# Hallo People



## colpot (Jun 11, 2008)

This site looks the business. We recently bought a Hymer 564 RHD 1994 from a great guy in Devon. He used it to Wild Camp in Spain and Portugal and has inspired us. We are going to France in September for a couple of weeks and have joined France Passion which looks good (unless people here know different!), and also have the latest copy of "All the Aires" and are boring our friends silly with our plans. Sadly we are off to Tenerife for a week on Friday(flying - so no Hymer) . Last weekend the Water Pump packed up and I phoned the guy I bought the Hymer off to find out where the pump is, and he is sending me a spare he had in his garage so I will be fitting that when I return.


----------



## Deleted member 775 (Jun 11, 2008)

hi welcome to you


----------



## wildman (Jun 11, 2008)

Welcome to the site, too bad about tenerife, all that tax free booze being forced down you.


----------



## Deleted member 2636 (Jun 11, 2008)

Hallo and Welcome - or something like that

If you have a laptop then there are far better guides that you can download. You need a copy of Microsoft Autoroute or Via Michelin on the PC to start with. 
You'll find, after spending money, that the best and most up to date Aires guides seem to be printed in France. Buy them from Leclerc or Hypermarche.
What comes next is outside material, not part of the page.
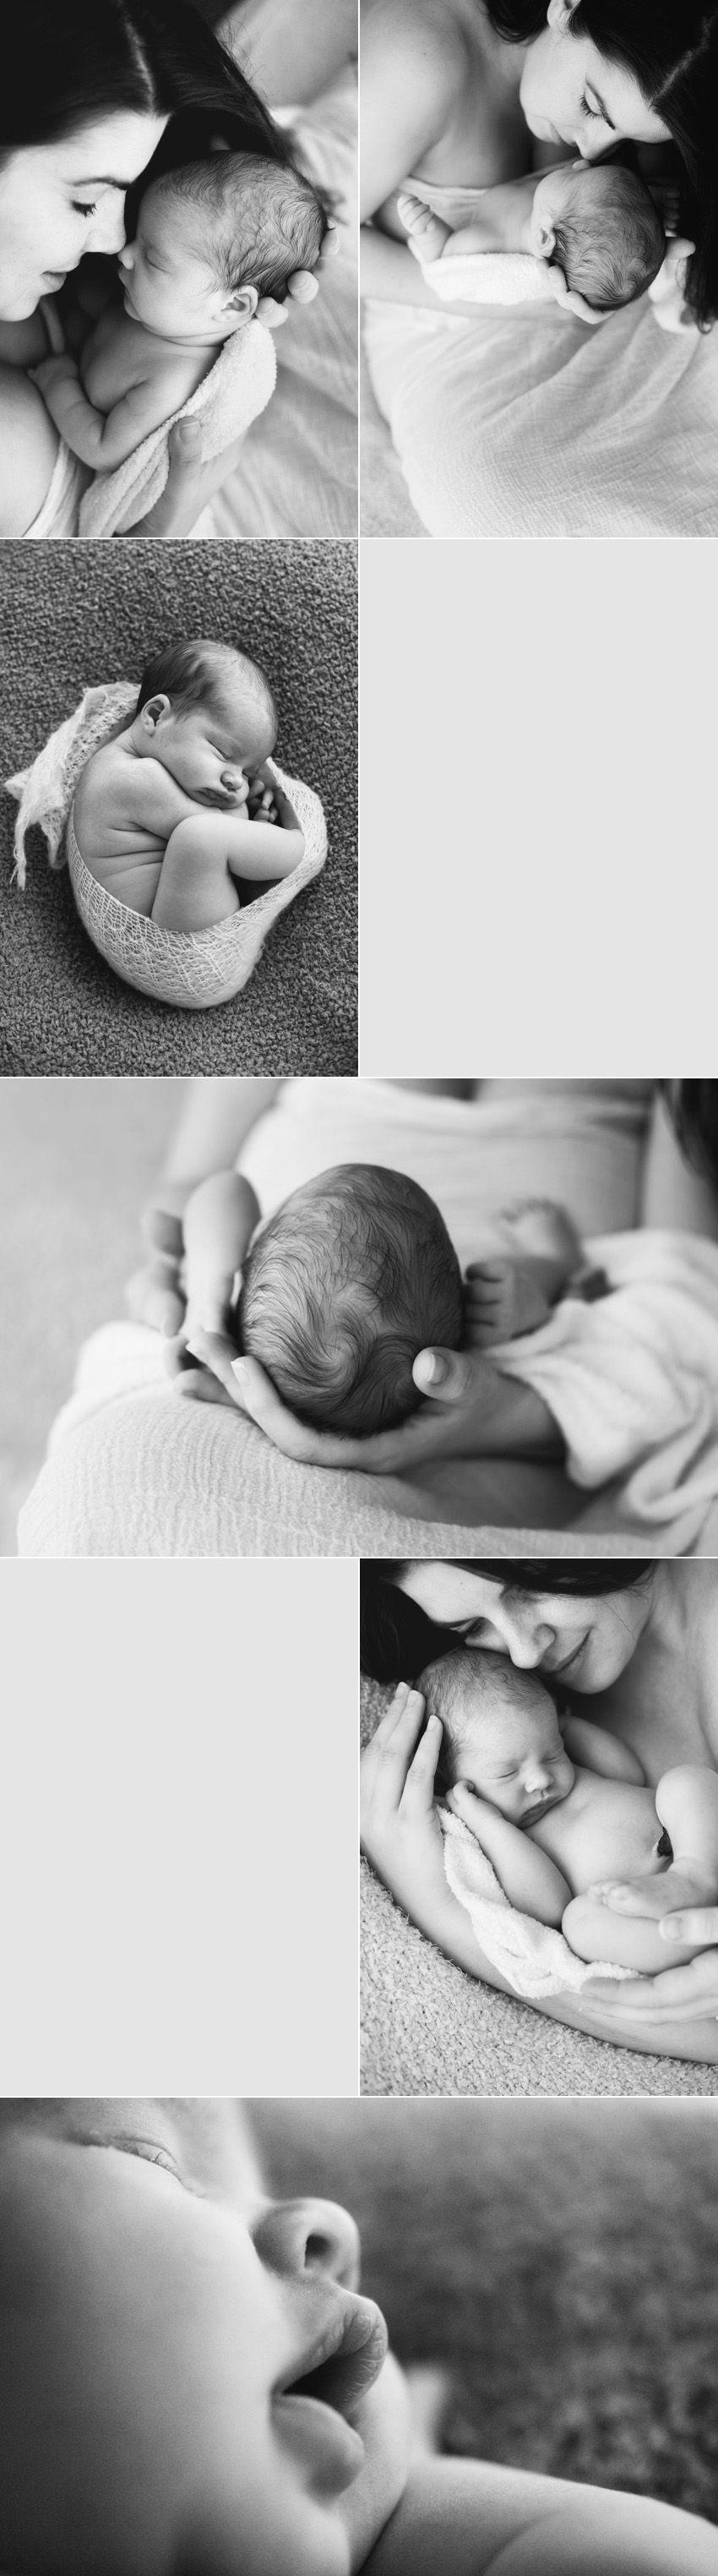 Raye Lawe & her beautiful baby girl photographed by Ashley Skjaveland.
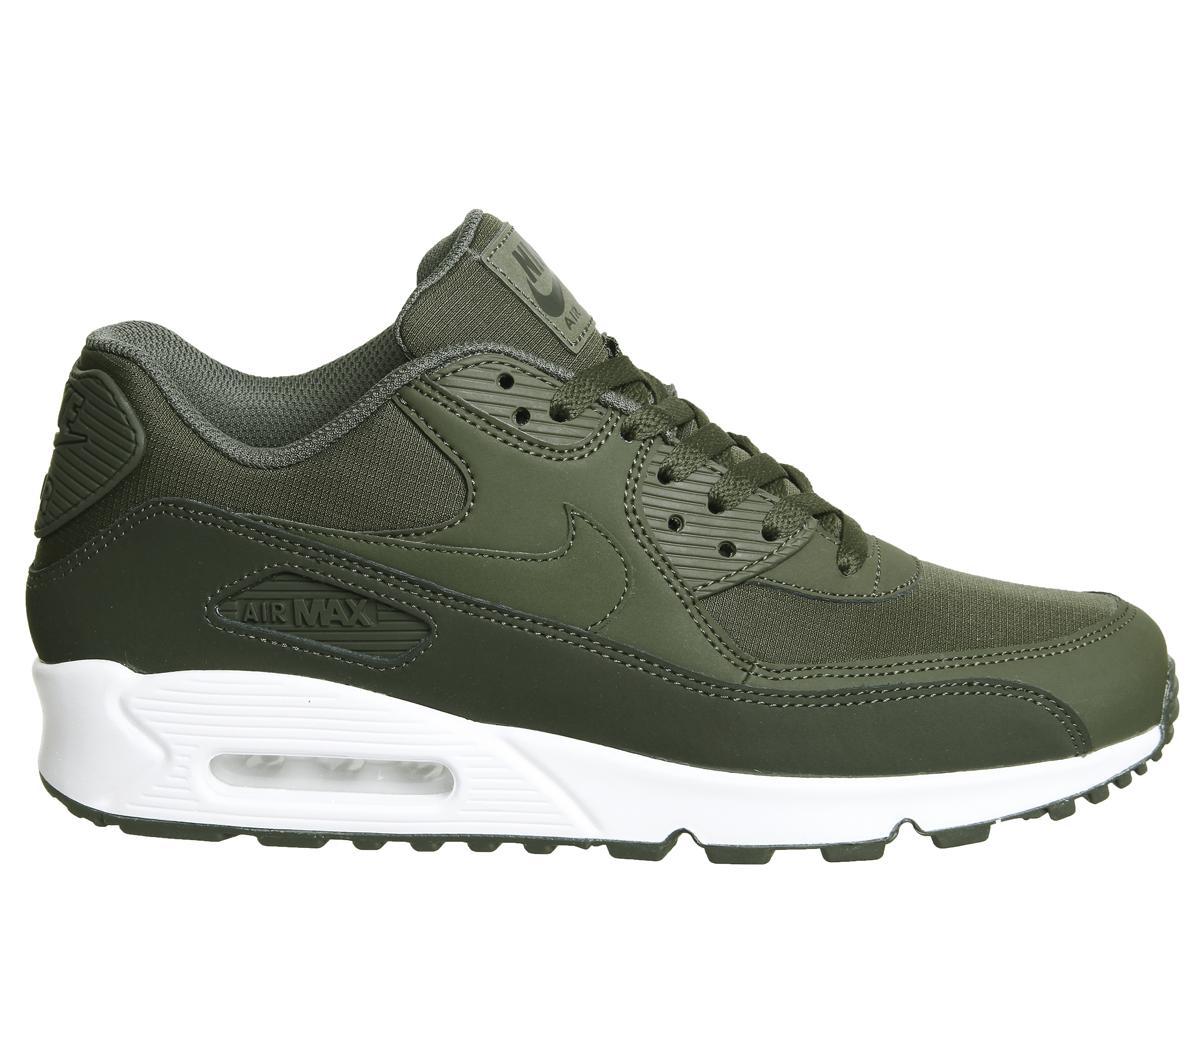 Nike Air Max 90 Trainers Sequoia Khaki White For Men

A GPS is invaluable IMHO. Look up the details on your laptop and then transfer the co-ordinates to the GPS

Here's some to go on with and have fun

http://a.ccl.free.fr/annuaire/annuaire01.htm (en français  )
The Aires are down loadable as POI for TomTom, Garmin, Magellan, Mio and ViaMichelin

http://www.campingcar-infos.com/index1.htm available on DVD and also as a download

http://eurocampingcar.com/index2.php3?lg=uk&cat_id=0 Pan European guide but can be out of date

http://www.furgovw.org/mapa_furgoperfecto.php already posted on here by another member. it looks a really good and useful guide

Look up old posts by Belgian and ***** are pretty sound with their advice on sites/Aires and place s to stay


----------



## tresrikay (Jun 11, 2008)

Hi Colpot and welcome, you will not regret joining frane passion. Been a member for 4 years and it just gets better every year. Definately the best places I have stayed have been on the france passion scheme.


----------